Particles are combined if $d_{ij} < d_{iB}$ and the iteration process stops once $d_{ij}>d_{iB}$. The parameter $p$ depends on the algorithm being used:
* KT algorithm: $p=1$
* Cambridge Aachen algorithm (CA): $p=0$
* antiKT (AK) algorithm: $p=-1$

For the anti-KT algorithm, jet cones can have one of two radii: $R=0.8$ for AK8 ("fat jets") and $R=0.4$ for AK4.

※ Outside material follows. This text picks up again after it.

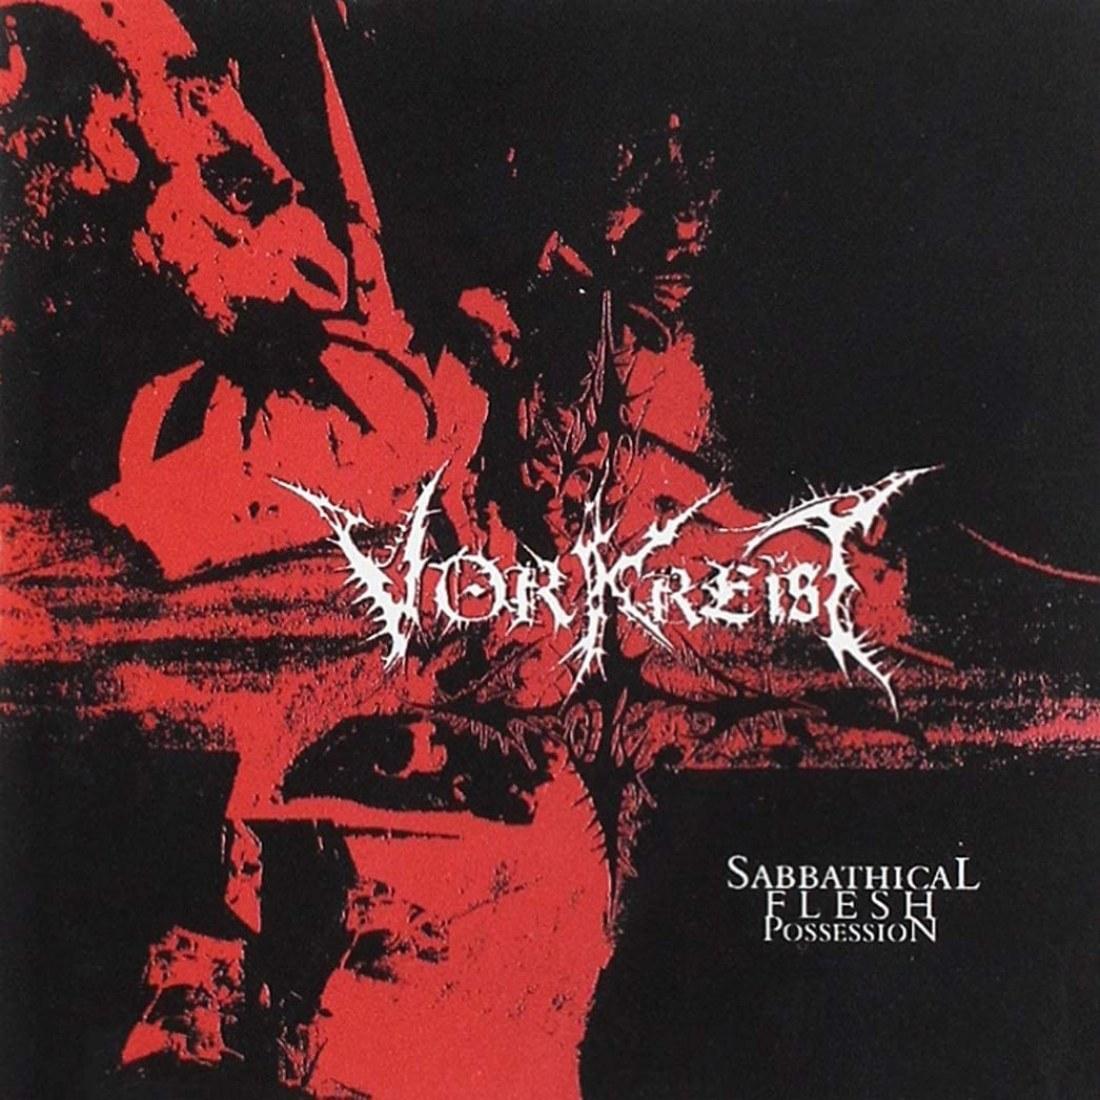 Review for Vorkreist - Sabbathical Flesh Possession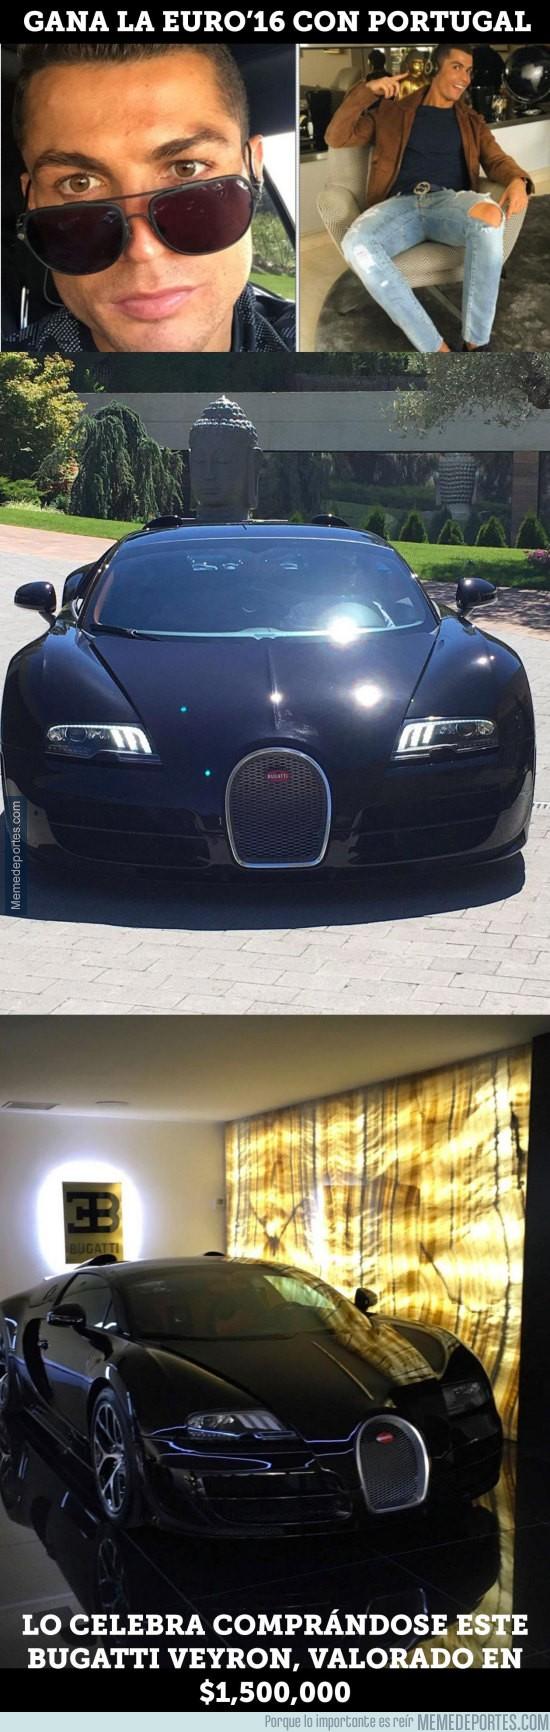 890226 - Cristiano celebra la Euro comprándose un espectacular coche de $1,500,000

In this Coding Dojo, you will be plotting the kinematic variables of AK4 jets, namely the mass, the $p_T$, the pseudotapidity ($\eta$) and the azimuthal angle ($\phi$).

## Setup

If you do not already have the data, go back to your terminal and do so. (Hint: Look up what `wget` does and how it works.)

## Instructions
For AK4 jets, plot histograms for each of the kinematic variables using the tools specified in the following table.

<table>
  <tr>
    <th>AK4 Jet Kinematic Variable</th>
    <th>Tools to Plot With</th>
  </tr>
  <tr>
    <td>Jet eta</td>
    <td>PyROOT</td>
  </tr>
  <tr>
    <td>Jet phi</td>
    <td>RDataFrame</td>
  </tr>
  <tr>
    <td>Jet pt</td>
    <td>Uproot, Hist</td>
  </tr>
  <tr>
    <td>Jet mass</td>
    <td>Matplotlib</td>
  </tr>
</table>

If you finish before time is up, there is an extra exercise

## Hints:
1. Check the content of data.root (e.g. What is the name of the TTree?)
    - The file contains multipe TTrees
    - Only the **first** one is relavent to this exercise
2. Check the content of TTree (e.g. What branches does TTree have? What is the branch name of the quantity that we want to plot?)
3. Fill a histogram using the branch and draw

In [None]:
# check the content of data.root:


## `PyROOT` for AK4 Jet $\eta$

**To-do**: Plot a histogram for jet $\eta$ using PyROOT

**Link to PyROOT tutorials:** https://github.com/Ari-mu-l/software-carpentry

Import relavent package(s)

Read the ROOT File

Load the Tree from the ROOT file (Use the name of the first TTree from the step "check the content of data.root")

Check the branch names of the ttree and select the desired branch (jet eta)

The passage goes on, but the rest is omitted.